Мне, конечно, хотелось бы избежать этого греха в обширной мемуарной литературе.
Итак: бурные двадцатые годы!
Множество самых разнообразных творческих групп: «Се-рапионовы братья», имажинисты, ЛЕФ Владимира Маяковского, РАПП – Российская ассоциация пролетарских писателей, «Кузница», «Смена», конструктивисты, «Резец», Объединение крестьянских писателей, «ничевоки» и пр.

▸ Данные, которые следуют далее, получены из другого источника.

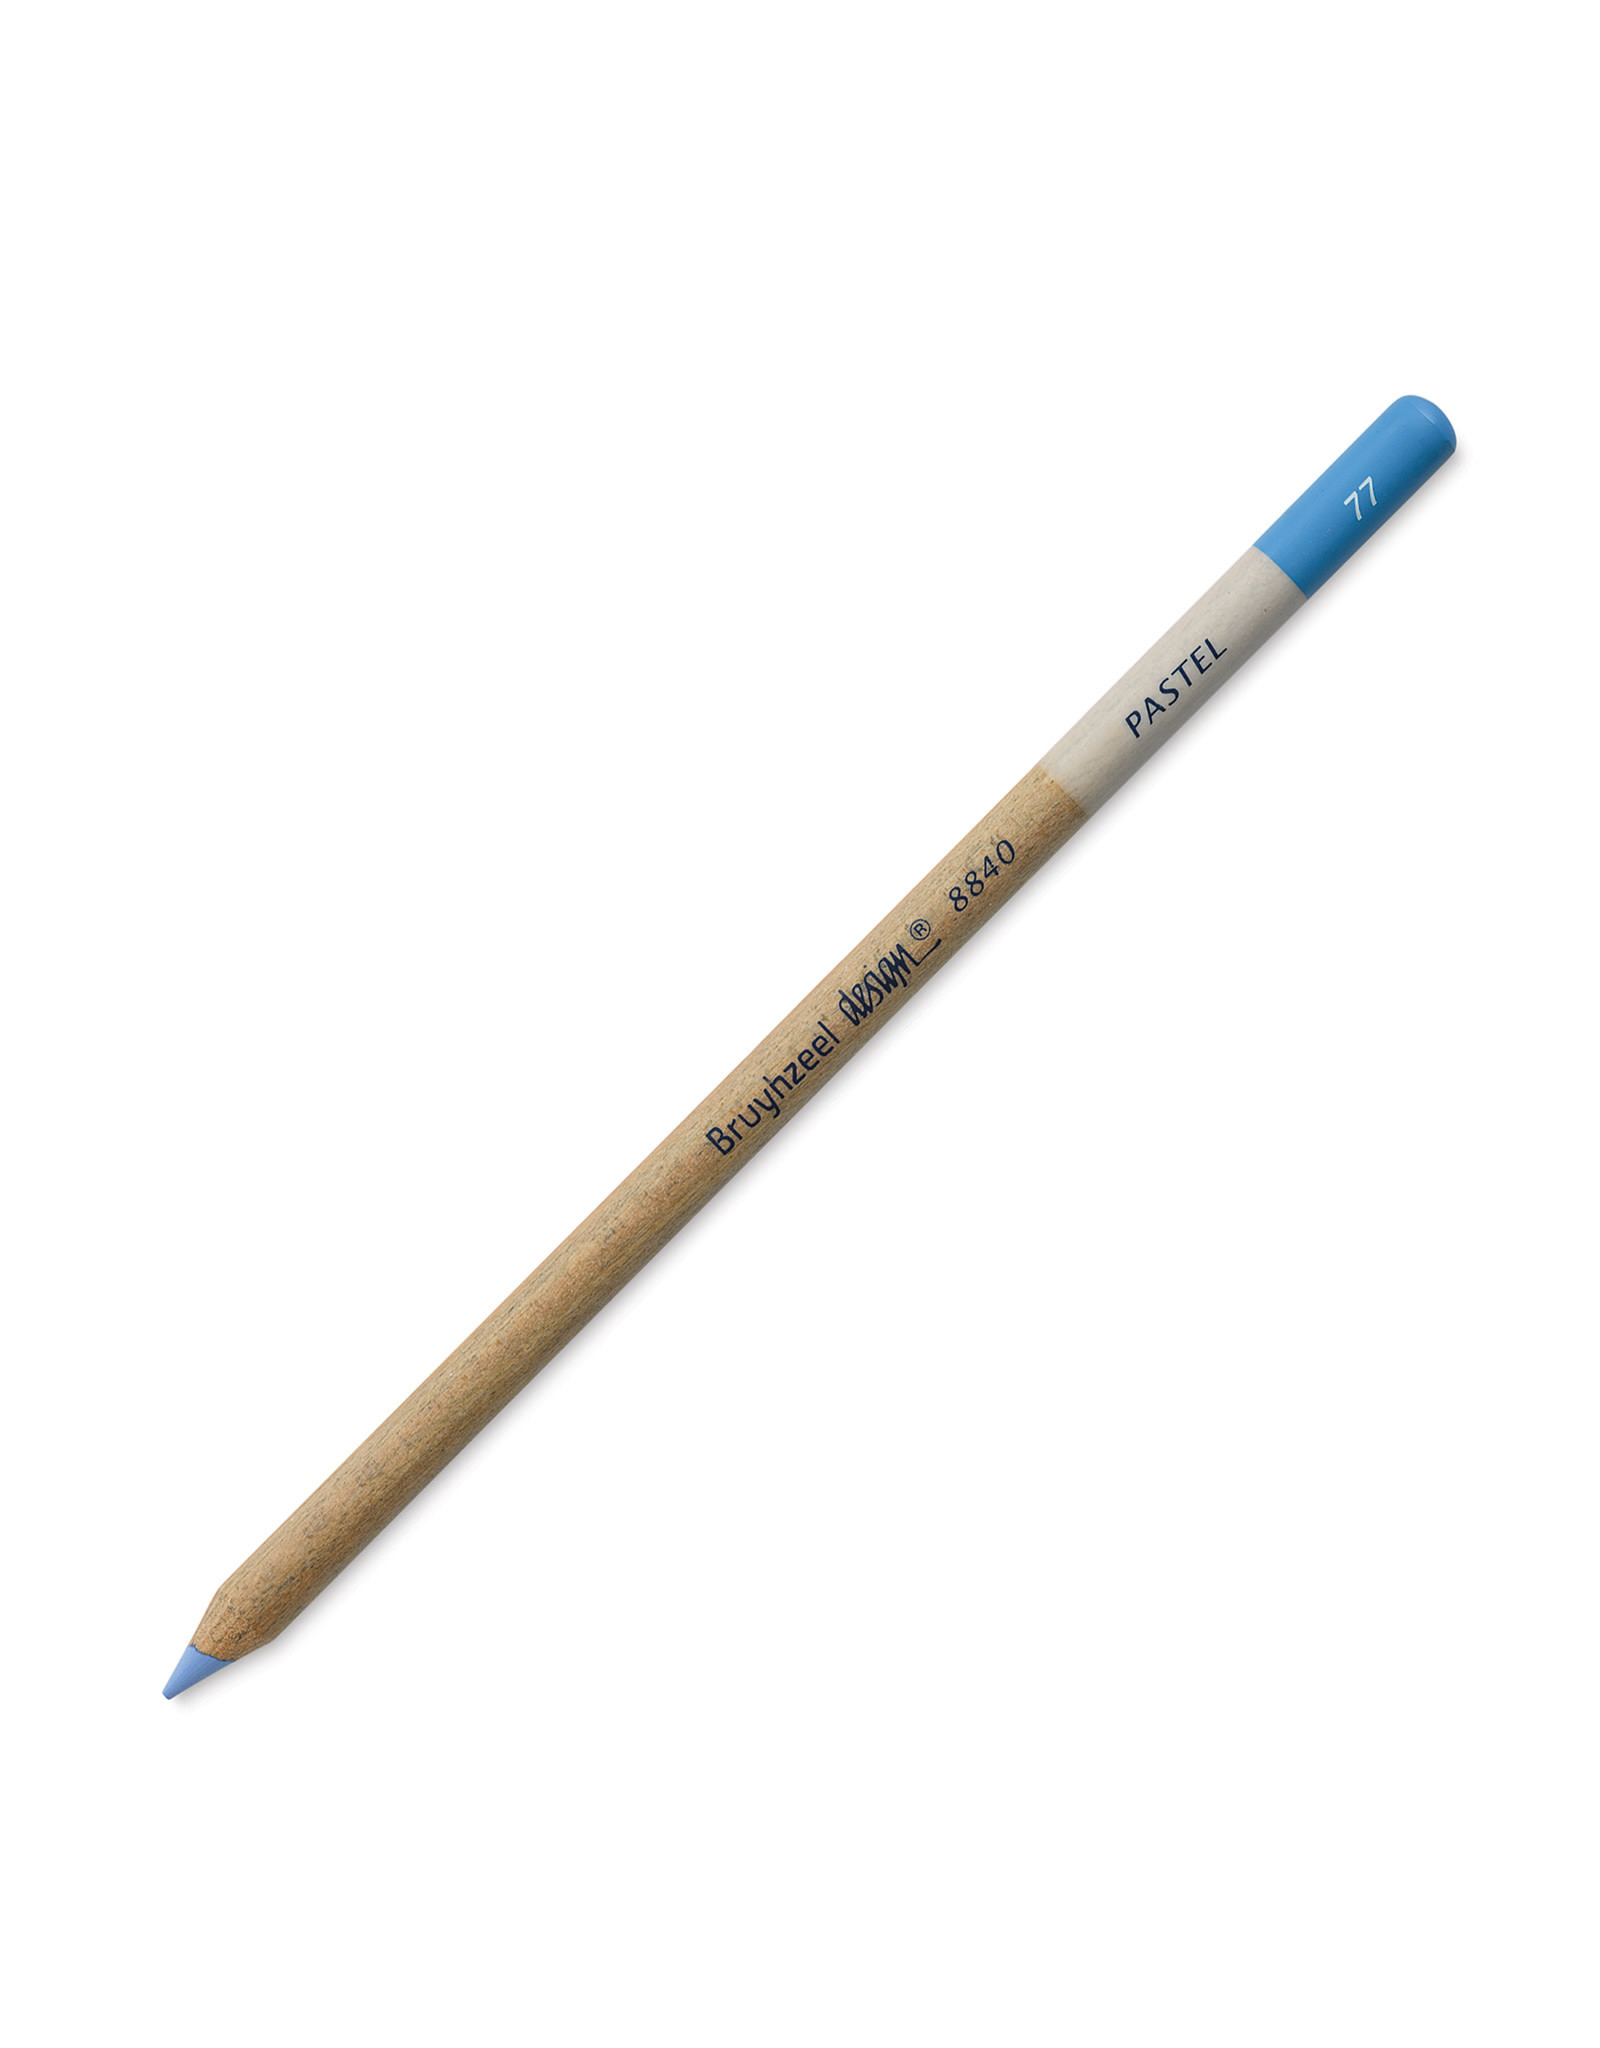 Royal Talens Bruynzeel Design Pastel Pencil, Light Ultramarine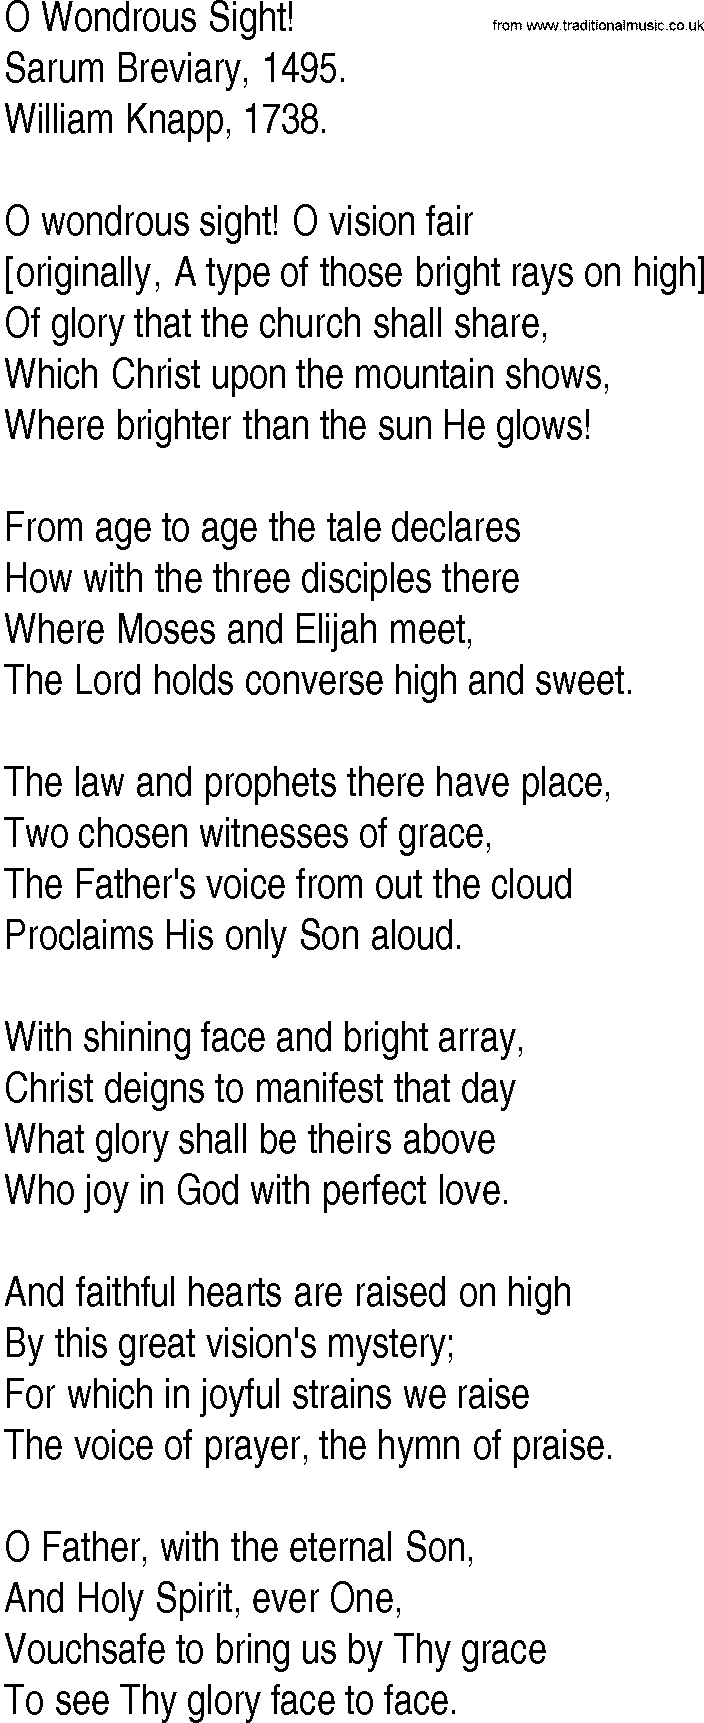 Hymn and Gospel Song: O Wondrous Sight! by Sarum Breviary lyrics

Во второй половине двадцатых годов появление новых литературных групп и течений резко пошло на убыль. Казалось, что наступает затишье… Но именно в это время, в славном городе на Неве, дала о себе знать звонко, озорно и свежо небольшая группа молодых поэтов, получивших загадочное прозвище обэриутов, от громкого названия творческого содружества ОБЭРИУ – Объединение реального искусства. Кто же входил в состав этого объединения?
Поэт, прозаик и драматург Даниил Хармс, Николай Заболоцкий, Александр Введенский, Константин Вагинов, Игорь Бахтерев и несколько позднее Юрий Владимиров – это была поэтическая секция. В 1926 году я познакомился с Даниилом Хармсом на киноотделении Высших государственных курсов искусствоведения при Российском институте истории искусств, где некоторое время учился Хармс…
Но кинематография не увлекла поэта, и он вскоре покинул кино отделение, целиком отдав свое необыкновенное дарование поэзии. Правда, мое знакомство с Хармсом не прошло даром. Я заинтересовал его организацией киносекции обэриутов. Но планы Хармса были значительно шире. Уже к 1928 году в своей декларации обэриуты писали: «ОБЭРИУ (Объединение реального искусства), работающее при Доме Печати, объединяет работников всех видов искусства, принимающих его художественную программу и осуществляющих ее в своем творчестве. ОБЭРИУ делится на четыре секции: литературную, изобразительную, театральную и кино… В настоящее время ОБЭРИУ ведет работу по организации музыкальной секции» 1. На вопрос Хармса: «Кто же войдет в секцию кроме вас?» – я не задумываясь ответил: «Александр Разумовский, студент киноотделения Высших курсов Института истории искусств». «А кто еще?» – спросил Хармс. – «Пока никого. Мы – двое! Вот сделаем обэриутский фильм, и к нам повалит народ!» – «Хар-р-р-ашо!» – воскликнул Хармс. («Хорошо» он говорил через «а» и много «р».)
Званий ни у кого не было. Было только призвание!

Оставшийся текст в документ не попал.